Rayner, a former ordained theologian and local church minister who “jumped off the steeple to live among the people” as he calls it, heads up Man Of Peace Development, a non-profit humanitarian organization. He lives two lives: in the drought season he does hands-on development field work in Mali, West Africa, while in the wet part of the year he captains a commercial lobster fishing vessel from Prince Edward Island at Canada’s East Coast.
‘My guiding philosophy is: Simple, economical, easily repeated.’
“My guiding philosophy for everything is: ‘Simple, economical, easily repeated’,” Rayner says. “In West Africa I learned the hard way that most approaches to community development are too complicated and expensive to be repeated by locals. I’m trained in theology, but God made it clear to me that our western style of leadership is not needed to advance the church. I have observed that the mass people movements taking place today have many common characteristics. The most interesting, and humbling, is that every one of them spread apart from theologically trained people or association with theological institutions.”

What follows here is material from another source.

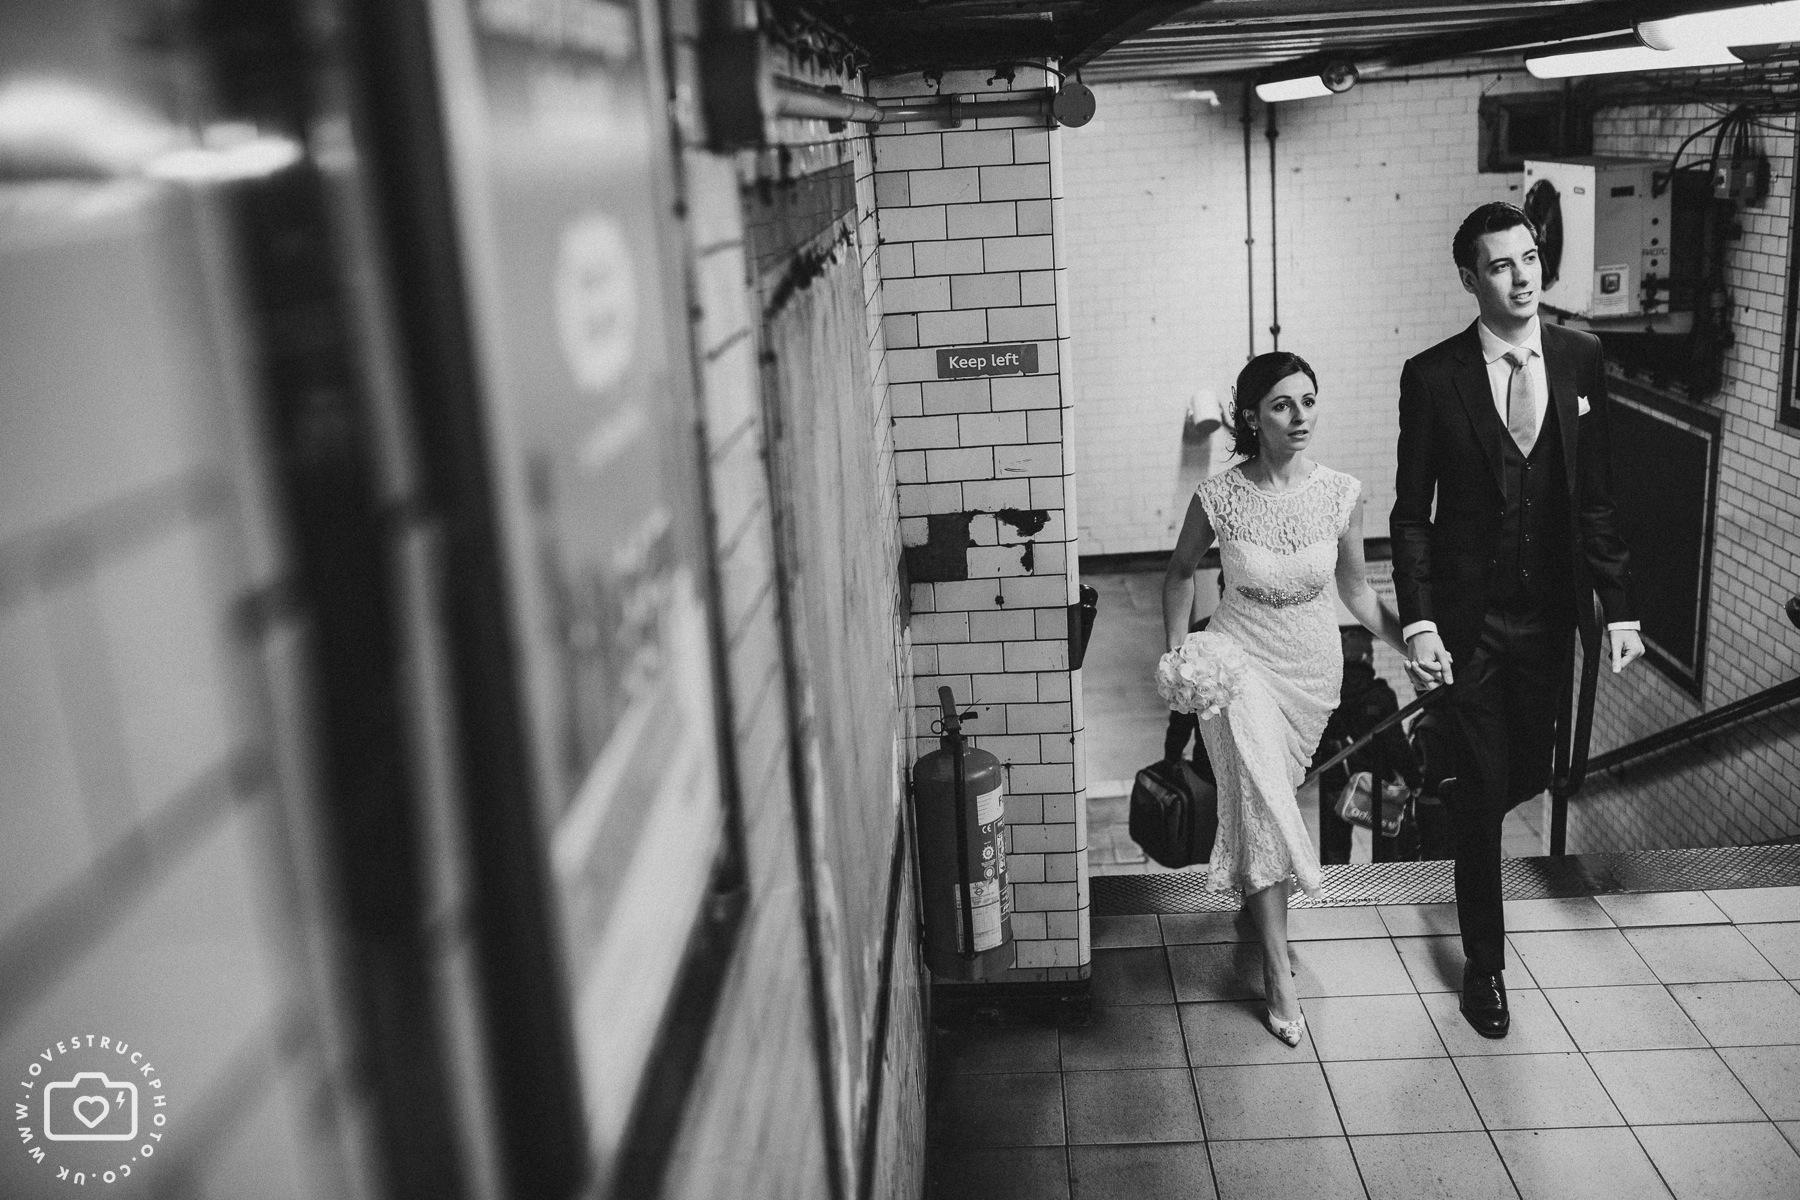 London Tube Wedding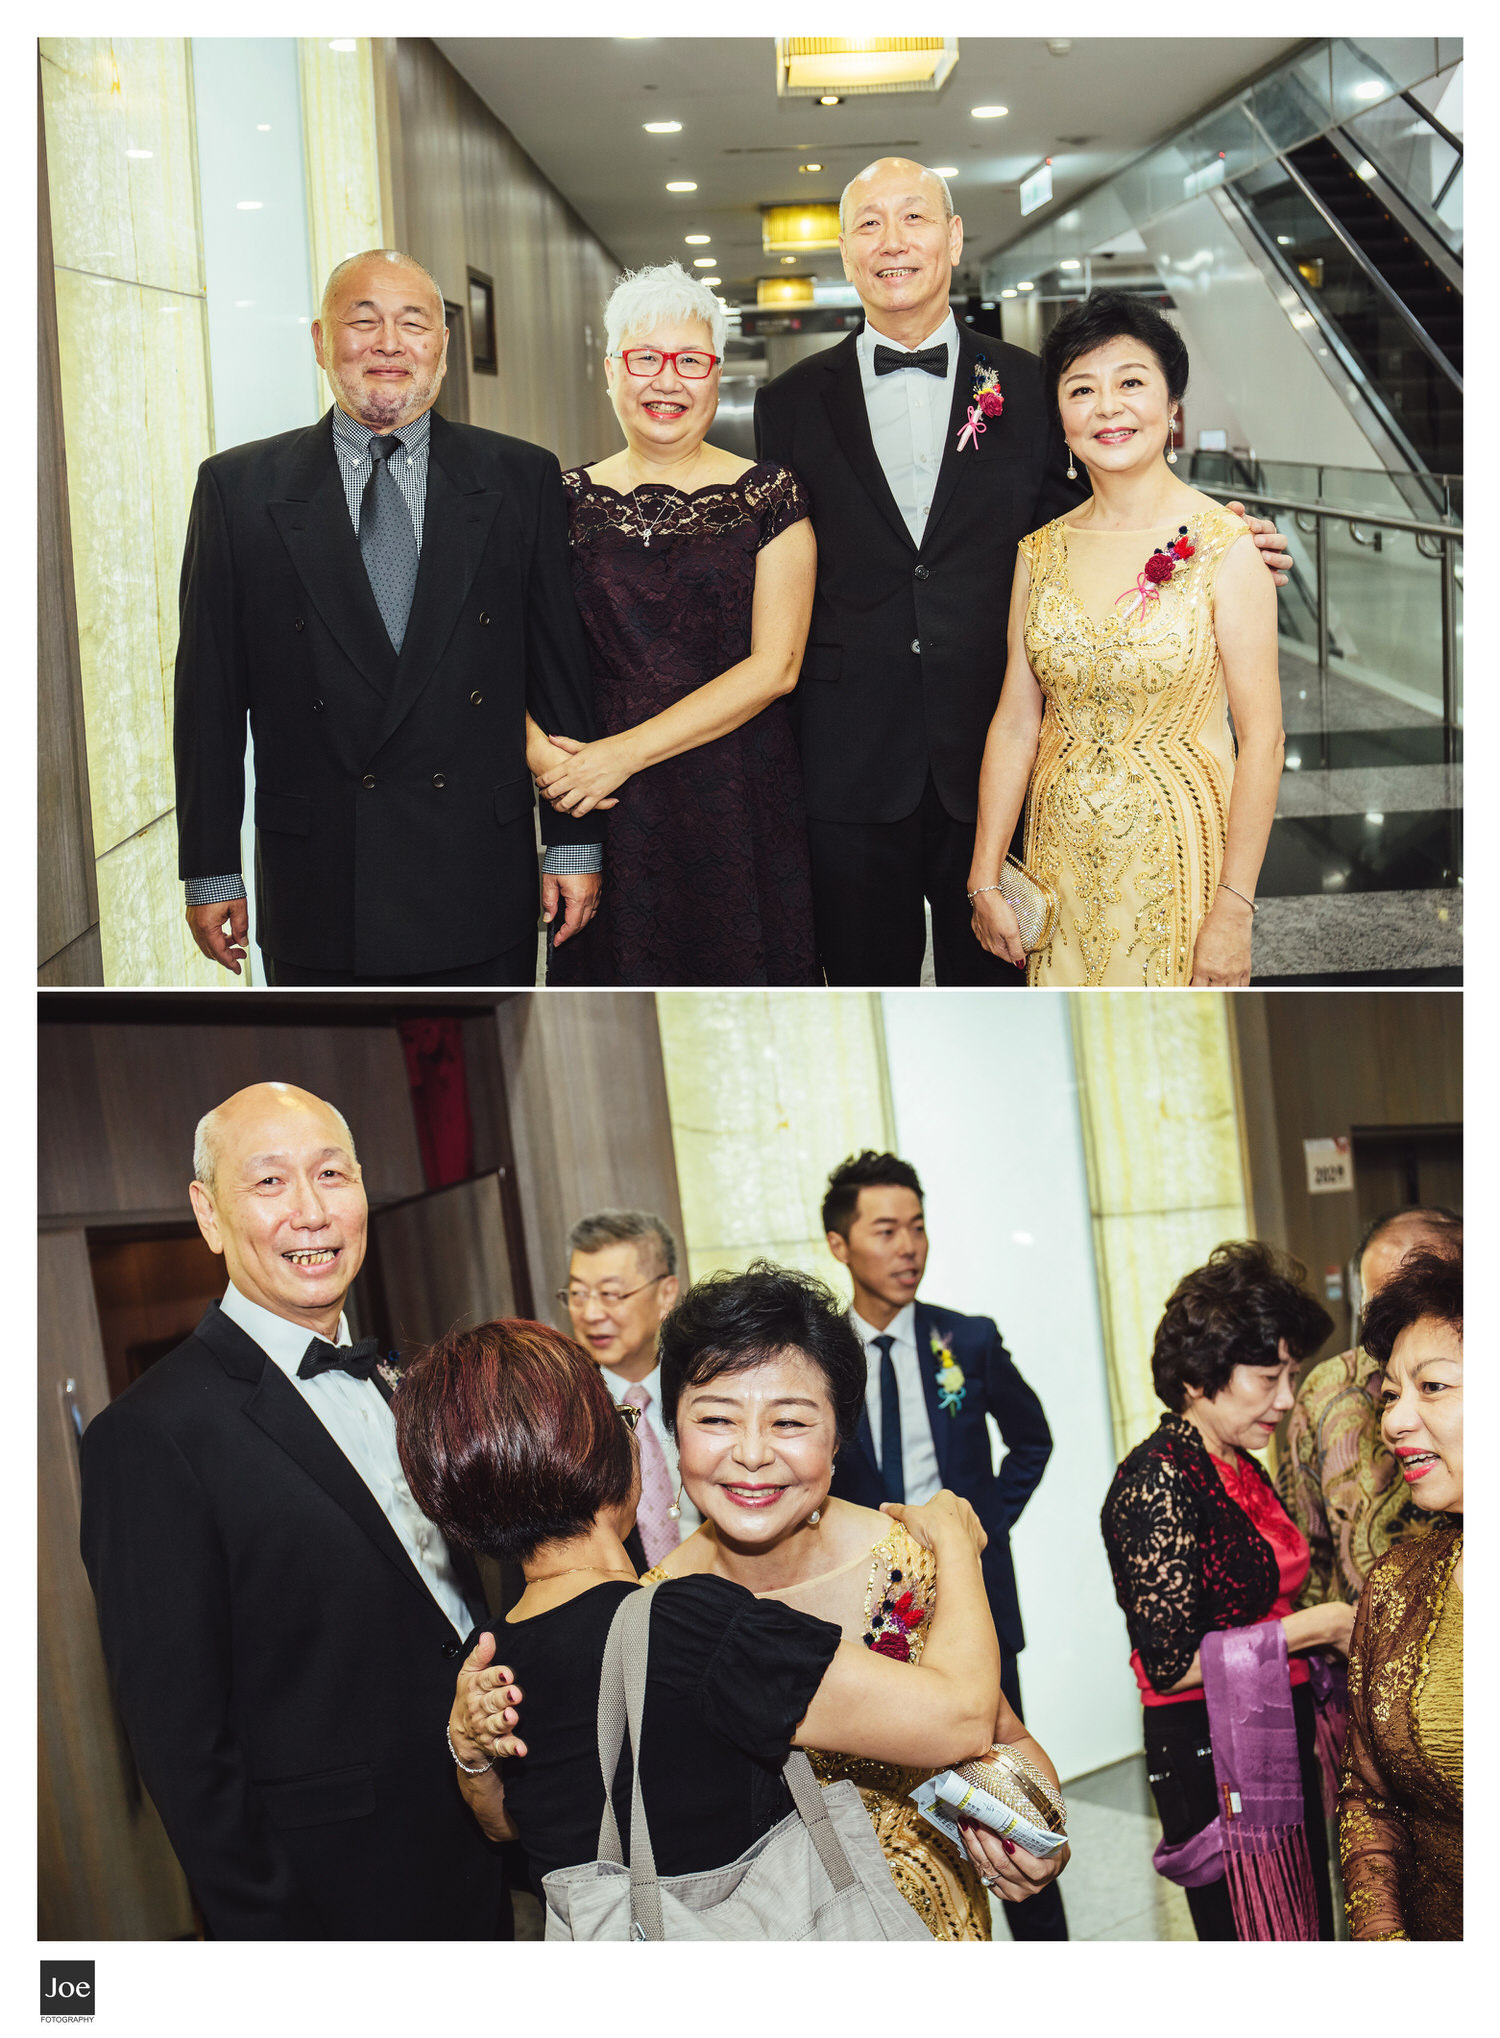 jc-olivia-wedding-82-liyan-banquet-hall-joe-fotography.jpg

In Mongola the Gospel was spread by young school girls. On weekends and school vacations one girl’s family would invite another friend home. And the young girls would tell their other friends the bible stories while they played. Not a planned thing. It just happened, as missionary Brian Hogan vividly described in ‘There’s a Sheep in my Bathtub’. The adults overheard them tell the stories in their yurts and listened. By this the Gospel spread in a region formerly impenetrable to foreign mission activity.
‘No gift qualifies or disqualifies anyone from sowing Jesus.’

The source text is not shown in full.